Competitive sales are unaffected and all underwriters can bid on any competitive bids the state might sell.

JP Morgan was originally chosen because it had the cheapest bid, but Wells Fargo stood up and told the state it would underwrite the bonds at the lowest price that had been originally proposed.

Municipal rates have been volatile over the past few months and 2022 has brought higher returns. Investors are worried about rising interest rates as well as the lingering effects of the coronavirus pandemic, rising inflation and the possibility of increased regulation.
Looking at benchmark AAA GO scales, the 10-year muni was at 1.19% on Tuesday, according to Refinitiv Municipal Market Data, up 16 basis points from 1.03% at the time of the committee meeting. last month. The 30-year muni traded at 1.65% on Tuesday, up 17 basis points from 1.48% on Dec. 16.

Since the start of the COVID-19 pandemic in 2020, Louisiana has recorded approximately 908,000 cases with 14,054 deaths reported as of Jan. 8.

The state Department of Transportation and Development said 2021 was not a bad year overall by its metrics despite the lingering effects of the pandemic.

The DOTD said 228 highway projects were approved statewide, equating to an investment of $630.8 million last year. He noted that the ministry uses several different financing methods, such as issuing grant anticipation revenue vehicle bonds, using public-private partnerships and design-build contracts.

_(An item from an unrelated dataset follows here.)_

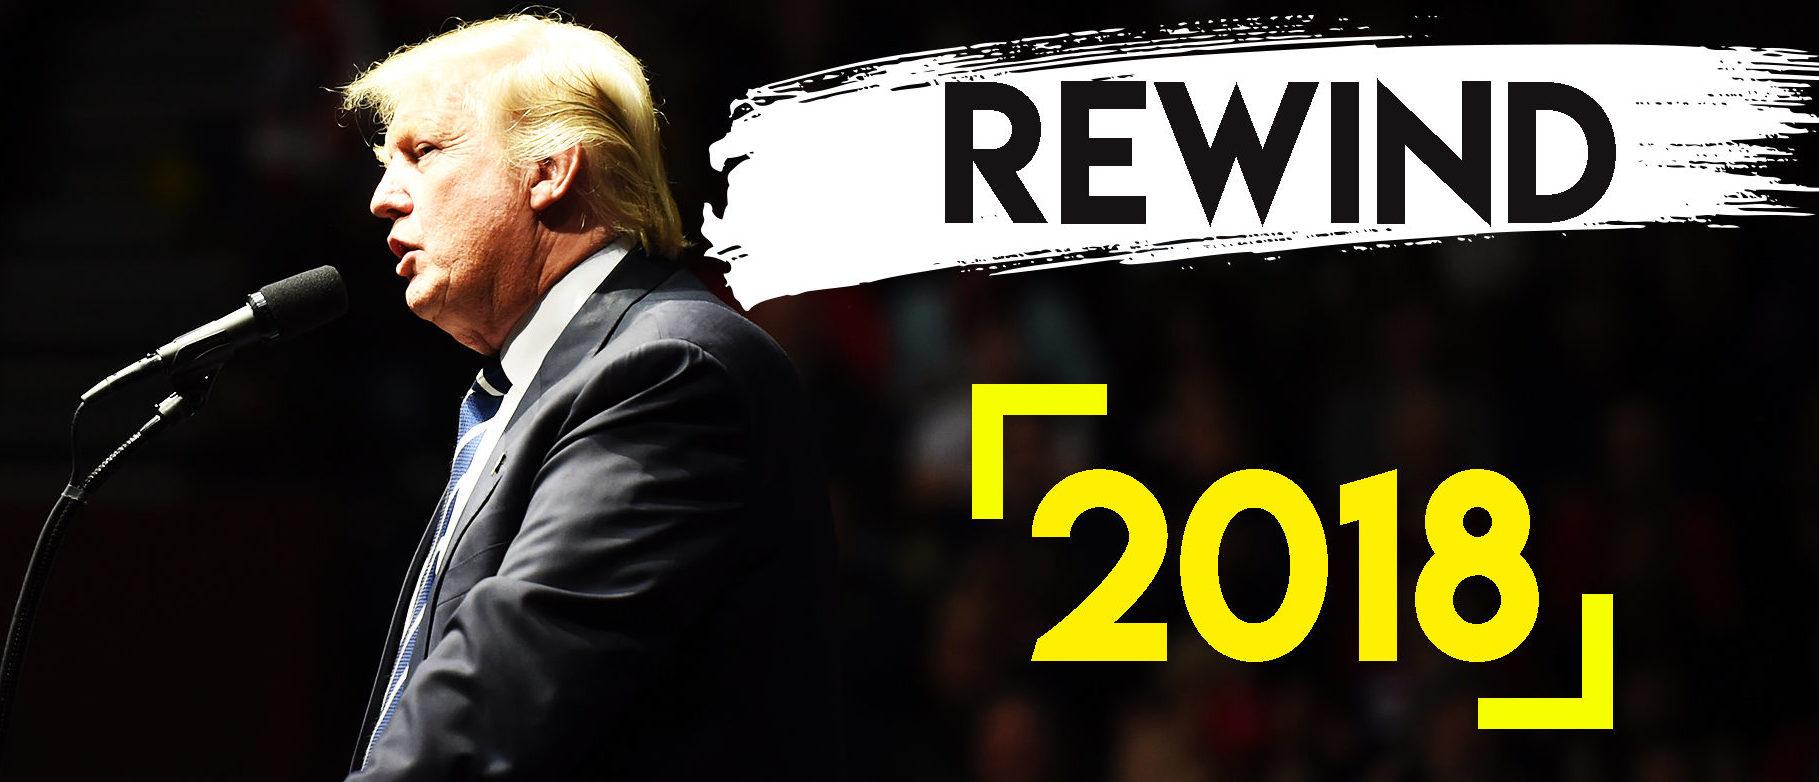 Trump Rewind 2018/Screen Shot/The Daily Caller

This allowed DOTD to continue several large-scale projects that had been halted due to lack of funding and to start several new ones.

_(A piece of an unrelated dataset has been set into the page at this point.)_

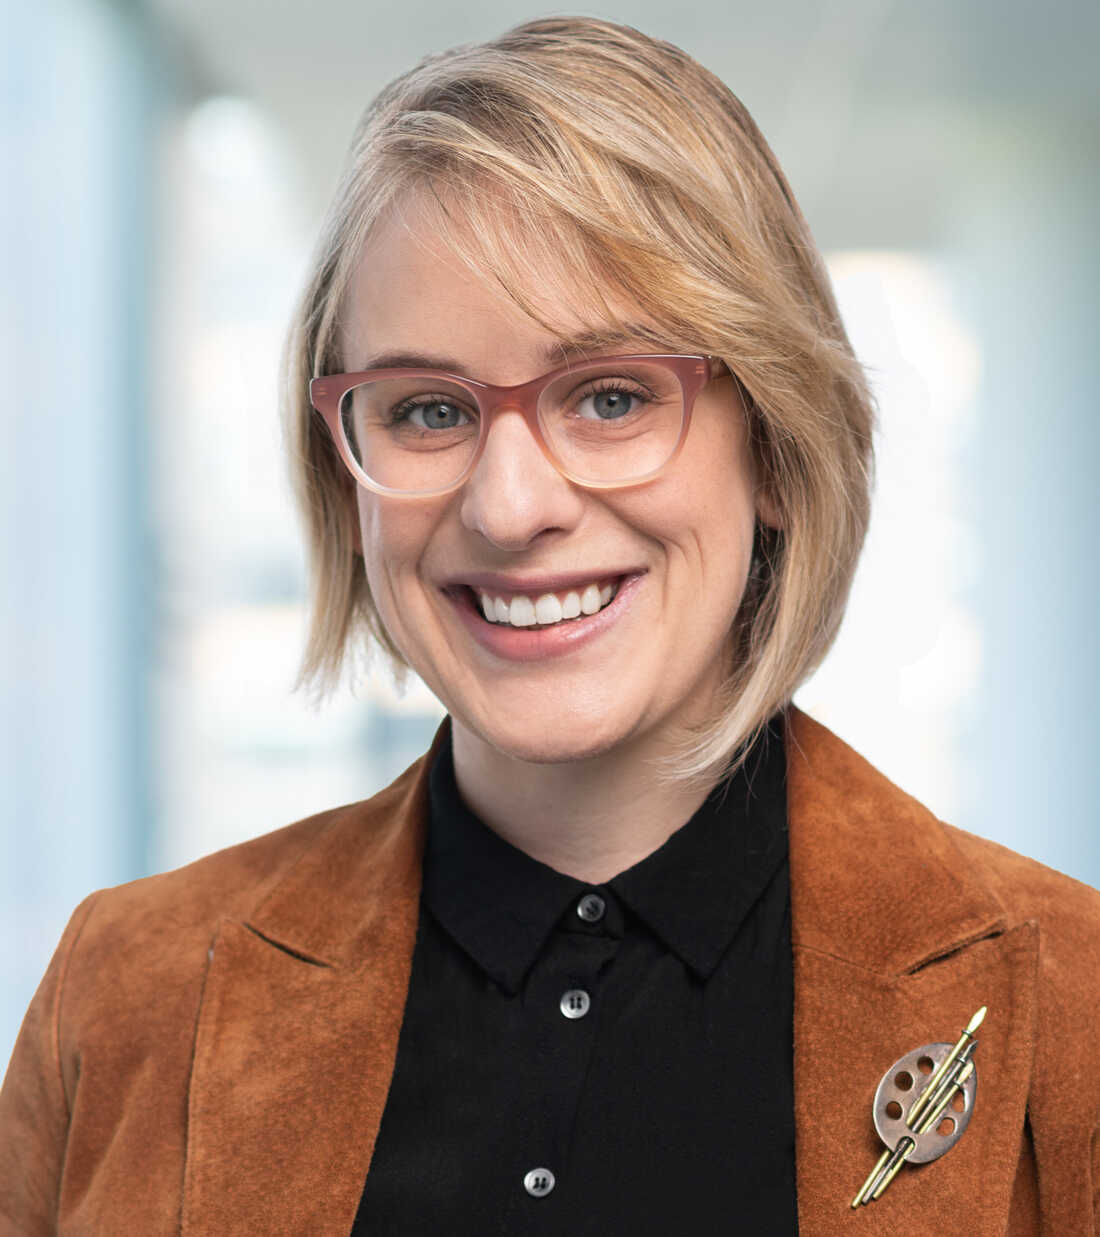 Lindsay Johnson, photographed for NPR, 22 January 2020, in Washington DC.

“While the year was another challenging year due to COVID-19 and Hurricane Ida, we were able to accomplish many milestones,” DOTD Secretary Shawn Wilson said in an overview. annual. “We initiated and completed several major projects, and probably the department’s greatest accomplishments over the past year have been the passage of the bipartisan Infrastructure Investment and Jobs Act (IIJA) through Congress. and the signing of vehicle sales tax legislation. .”

He noted that Louisiana is expected to receive nearly $6 billion in federal funding over the next five years from the IIJA and will begin receiving at least $150 million in fiscal year 2023-24 from vehicle taxes.

“I’m proud of the things we accomplished in 2021 and I’m extremely optimistic for 2022 and the years ahead,” he said.

Also at the committee meeting last month, an additional resolution was passed by the panel for the issuance of up to $280 million in general obligation redemption bonds to redeem series GOs. 2014A in circulation.

The state’s GOs are rated Aa3 by Moody’s and AA-minus by S&P and Fitch Ratings.

Since 2011, the state has sold more than $10 billion in debt, with most issuance occurring in 2012 when it offered $1.8 billion. The state was not on the market in 2018.